Monoclonal antibody therapy is a large and growing treatment modality in medicine (Glennie et al. (2000) Immunol Today 21:403-10). There are more than twenty FDA-approved monoclonal antibody therapies, with many more currently in clinical trials. Antibody therapy directed against soluble factors (such as vascular endothelial growth factor or tumor necrosis factor, e.g.), aims simply to reduce the free ligand concentration by immunocomplex formation. In contrast, when antibody therapy is directed at cell surface antigens (as is often the case in anti-neoplastic immunotherapy), the goal is often the removal of the cell itself. The therapeutic antibody may induce apoptosis directly (Shan et al. (1998) Blood 91:1644-52; Shan (2000) Cancer Immunol Immunother 48:673-83), but more often it must recruit the patient's immune system to destroy the target cell. See, Reff et al. (1994) Blood 83:435-45; Idusogie et al. (2000) J Immunol 164:4178-84; Golay et al. (2000) Blood 95:3900-8; Harjunpaa et al. (2000) Scand J Immunol 51:634-41; Anderson et al. (1997) Biochem Soc Trans 25, 705-8; Clynes et al. (1998) Proc Natl Acad Sci USA 95:652-6; Clynes et al. (2000) Nat Med 6: 443-6; Sampson et al. (2000) Proc Natl Acad Sci USA 97:7503-8.
There are two main mechanisms by which the antibody-activated immune system can destroy offending cells: complement-dependent cytotoxicity (CDC) and antibody-dependent cellular cytotoxicity (ADCC). ADCC is an immune response generated primarily by natural killer (NK) cells against antibody-coated targets. See, Lewis et al. (1993) Cancer Immunol Immunother 37:255-63. In ADCC, NK cells recognize the constant (Fc) region of antibodies primarily via interaction with the NK cell's FcγRIII receptor. The NK cells then deposit perforins and granzymes on the target cell surface inducing cell lysis and apoptosis, respectively. The Fc-FcγRIII interaction is extremely sensitive to Fc glycosylation. Aglycosylated immunoglobulins fail to bind Fc receptors. See, Leatherbarrow et al. (1985) Mol Immunol 22:407-15 (1985); Walker et al. (1989) Biochem J 259:347-53 (1989); Leader et al. (1991) Immunology 72:481-5. In addition, fucosylation of the carbohydrate chain attached to Asn297 of the Fc region inhibits binding to FcγRIII and reduces in vitro ADCC activity. See, Shields et al. (2002) J Biol Chem 277:26733-40; Shinkawa et al. (2003) J Biol Chem 278:3466-73; Niwa et al. (2004) Cancer Res 64:2127-33.

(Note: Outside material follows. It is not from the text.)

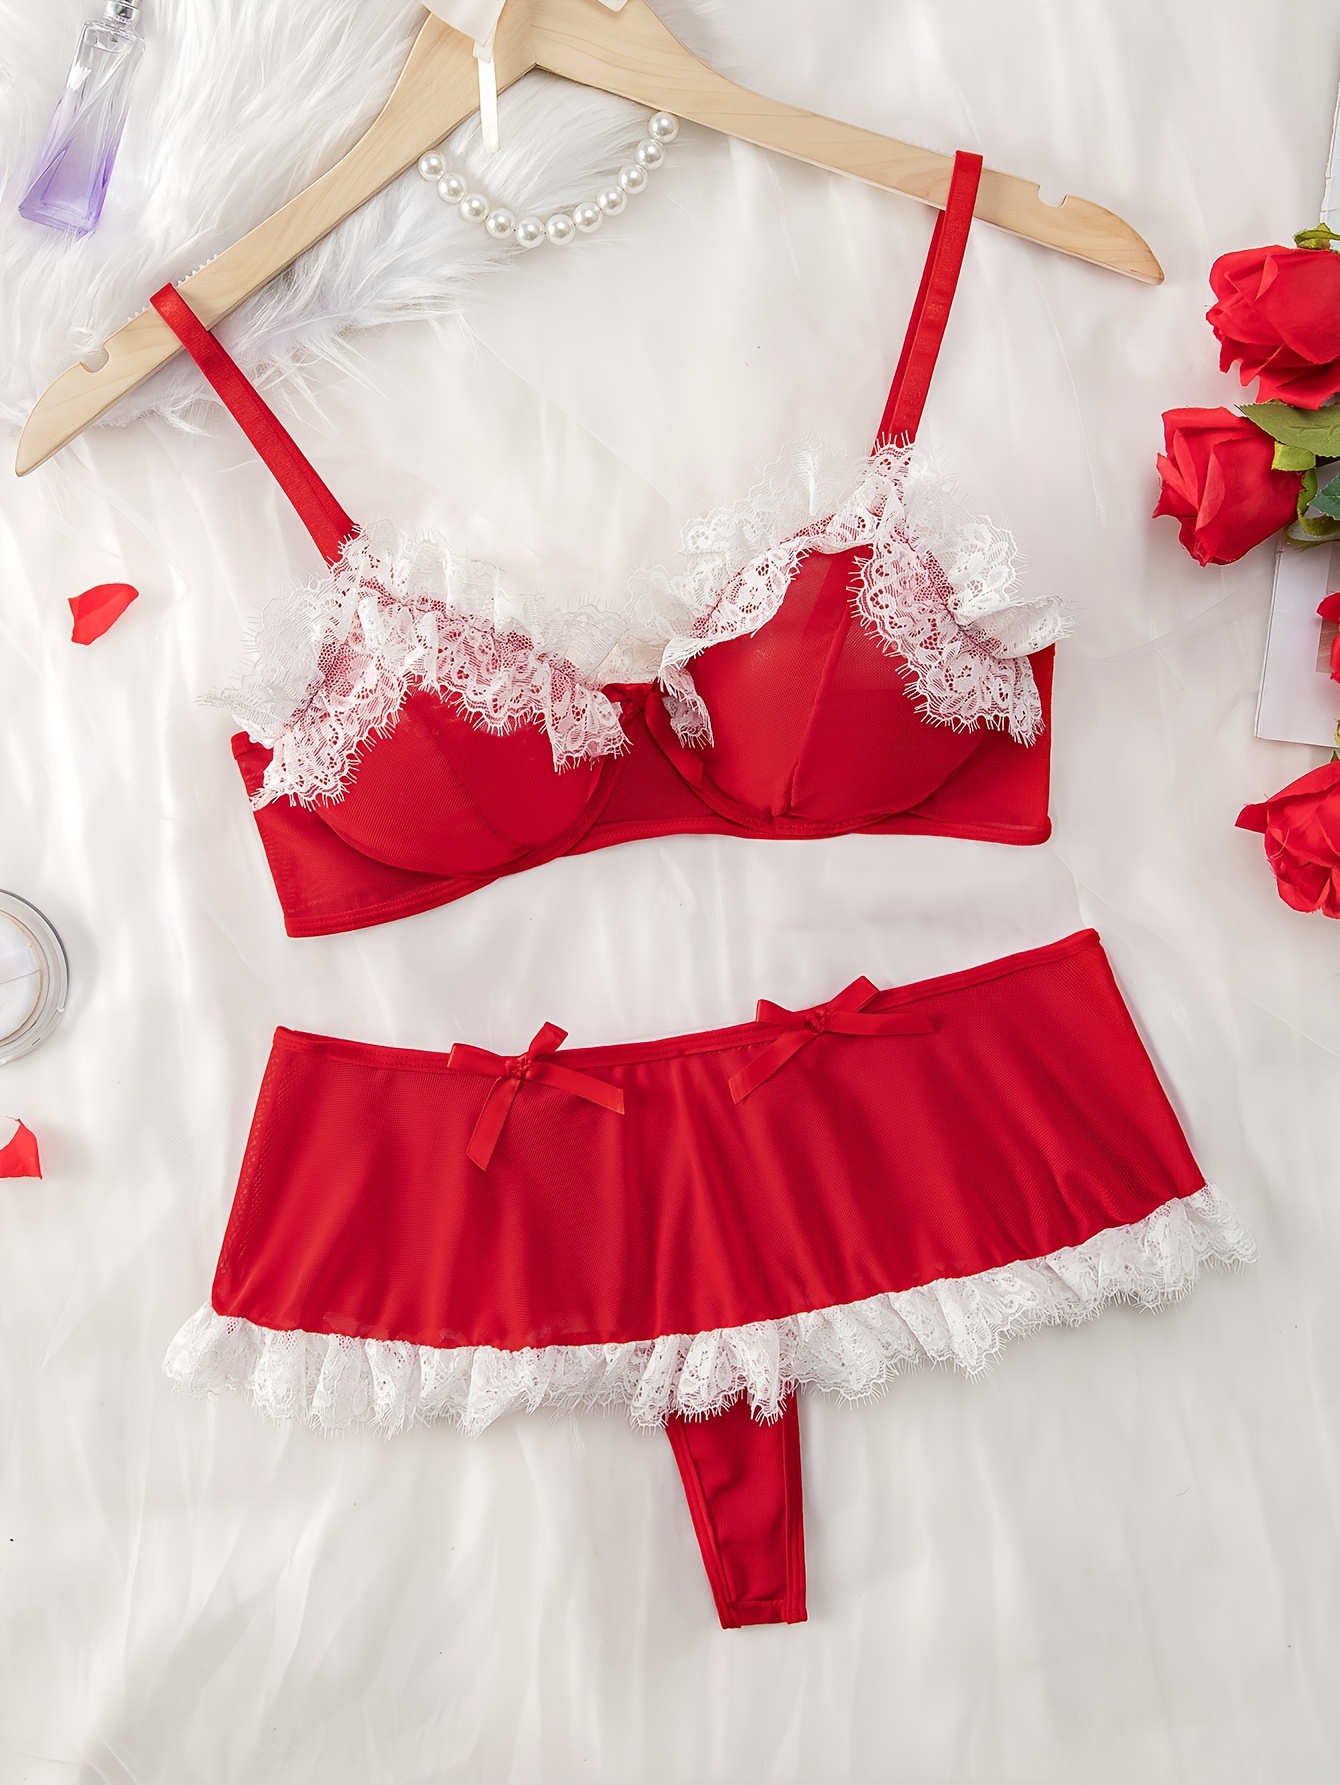 White Ruffles Open Bras Women Lingerie Set Sexy See Through Bra And Thong  Underwear Set With Suspenders Girlfriend Gifts From Tingziwei, $30.37

The majority of mammalian immunoglobulins are fucosylated, including those produced in Chinese hamster ovary cells (CHO cells, Cricetulus griseus). Jefferis et al. (1990) Biochem J 268:529-37; Hamako et al. (1993) Comp Biochem Physiol B 106:949-54; Raju et al. (2000) Glycobiology 10:477-86. Fucose attachment to the Fc core region is via an α-1,6 linkage generated by the α1,6 fucosyltransferase (Fut8) protein, apparently the sole α-1,6 fucosyltransferase in mammalian cells. Oriol et al. (1999) Glycobiology 9:323-34; Costache et al. (1997) J Biol Chem 272:29721-8. Disruption of the FUT8 gene in CHO cells eliminated core fucosylation of antibodies and increased ADCC by around 100-fold. See, Yamane-Ohnuki et al. (2004) Biotechnol Bioeng 87:614-22). However, such conventional gene disruption by homologous recombination is typically a laborious process. This was particularly true in the case of C. griseus FUT8, as approximately 120,000 clonal cell lines were screened to discover three healthy FUT8 −/− clones (Yamane-Ohnuki et al. (2004), supra).
Thus, there remains a need for cells lines in which Fut8 expression is partially or fully inactivated. Site-specific cleavage of genomic loci offers an efficient supplement and/or alternative to conventional homologous recombination. Creation of a double-strand break (DSB) increases the frequency of homologous recombination at the targeted locus more than 1000-fold. More simply, the inaccurate repair of a site-specific DSB by non-homologous end joining (NHEJ) can also result in gene disruption. Creation of two such DSBs can result in deletion of arbitrarily large regions. The modular DNA recognition preferences of zinc fingers protein allows for the rational design of site-specific multi-finger DNA binding proteins. Fusion of the nuclease domain from the Type II restriction enzyme Fok I to site-specific zinc finger proteins allows for the creation of site-specific nucleases. See, for example, United States Patent Publications 20030232410; 20050208489; 20050026157; 20050064474; 20060188987; 20060063231; and International Publication WO 07/014,275, the disclosures of which are incorporated by reference in their entireties for all purposes.